Among the entries below, find the line with "Reacción defensiva en", then quote it and each following line up to and including the line with "Joyful Child Listening", and nothing else.

(Excerpts from a dataset)
☆ ☆ ☆ ☆ ☆

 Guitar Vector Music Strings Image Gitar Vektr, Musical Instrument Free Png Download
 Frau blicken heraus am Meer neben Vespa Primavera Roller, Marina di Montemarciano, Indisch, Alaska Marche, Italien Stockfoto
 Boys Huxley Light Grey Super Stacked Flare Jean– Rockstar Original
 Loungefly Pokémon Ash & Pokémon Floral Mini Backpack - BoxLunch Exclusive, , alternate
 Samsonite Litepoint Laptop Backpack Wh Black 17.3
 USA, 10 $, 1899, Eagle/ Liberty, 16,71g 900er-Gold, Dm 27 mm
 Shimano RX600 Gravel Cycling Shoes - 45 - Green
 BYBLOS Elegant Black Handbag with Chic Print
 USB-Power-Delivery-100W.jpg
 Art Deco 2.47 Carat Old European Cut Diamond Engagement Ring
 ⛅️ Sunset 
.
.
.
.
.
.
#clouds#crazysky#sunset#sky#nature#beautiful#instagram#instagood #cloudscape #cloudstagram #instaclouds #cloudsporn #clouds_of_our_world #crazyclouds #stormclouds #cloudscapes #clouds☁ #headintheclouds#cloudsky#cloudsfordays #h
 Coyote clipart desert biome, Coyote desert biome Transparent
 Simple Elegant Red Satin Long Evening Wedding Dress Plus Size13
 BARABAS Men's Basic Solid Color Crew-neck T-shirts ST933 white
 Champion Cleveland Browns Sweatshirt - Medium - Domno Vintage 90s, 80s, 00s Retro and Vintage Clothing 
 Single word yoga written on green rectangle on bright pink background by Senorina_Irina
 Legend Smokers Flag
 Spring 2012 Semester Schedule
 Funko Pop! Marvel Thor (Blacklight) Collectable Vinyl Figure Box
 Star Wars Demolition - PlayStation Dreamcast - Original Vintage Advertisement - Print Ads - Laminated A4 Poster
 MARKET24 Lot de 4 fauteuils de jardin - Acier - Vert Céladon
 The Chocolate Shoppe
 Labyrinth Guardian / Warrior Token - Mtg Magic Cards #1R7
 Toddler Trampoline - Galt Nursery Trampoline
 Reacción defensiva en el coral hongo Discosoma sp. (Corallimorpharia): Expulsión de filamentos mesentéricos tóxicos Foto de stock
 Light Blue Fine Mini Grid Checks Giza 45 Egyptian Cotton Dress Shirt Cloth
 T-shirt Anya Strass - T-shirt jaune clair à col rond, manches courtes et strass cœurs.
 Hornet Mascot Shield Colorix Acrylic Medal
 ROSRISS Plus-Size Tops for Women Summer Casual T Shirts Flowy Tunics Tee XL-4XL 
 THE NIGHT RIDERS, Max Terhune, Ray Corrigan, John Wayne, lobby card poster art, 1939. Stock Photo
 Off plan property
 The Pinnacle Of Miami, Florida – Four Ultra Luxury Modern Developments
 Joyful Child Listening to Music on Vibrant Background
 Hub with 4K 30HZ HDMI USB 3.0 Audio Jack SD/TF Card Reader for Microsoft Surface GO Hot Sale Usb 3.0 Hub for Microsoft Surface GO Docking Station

☆ ☆ ☆ ☆ ☆

> [RESULT OF THE EXERCISE]
 Reacción defensiva en el coral hongo Discosoma sp. (Corallimorpharia): Expulsión de filamentos mesentéricos tóxicos Foto de stock
 Light Blue Fine Mini Grid Checks Giza 45 Egyptian Cotton Dress Shirt Cloth
 T-shirt Anya Strass - T-shirt jaune clair à col rond, manches courtes et strass cœurs.
 Hornet Mascot Shield Colorix Acrylic Medal
 ROSRISS Plus-Size Tops for Women Summer Casual T Shirts Flowy Tunics Tee XL-4XL 
 THE NIGHT RIDERS, Max Terhune, Ray Corrigan, John Wayne, lobby card poster art, 1939. Stock Photo
 Off plan property
 The Pinnacle Of Miami, Florida – Four Ultra Luxury Modern Developments
 Joyful Child Listening to Music on Vibrant Background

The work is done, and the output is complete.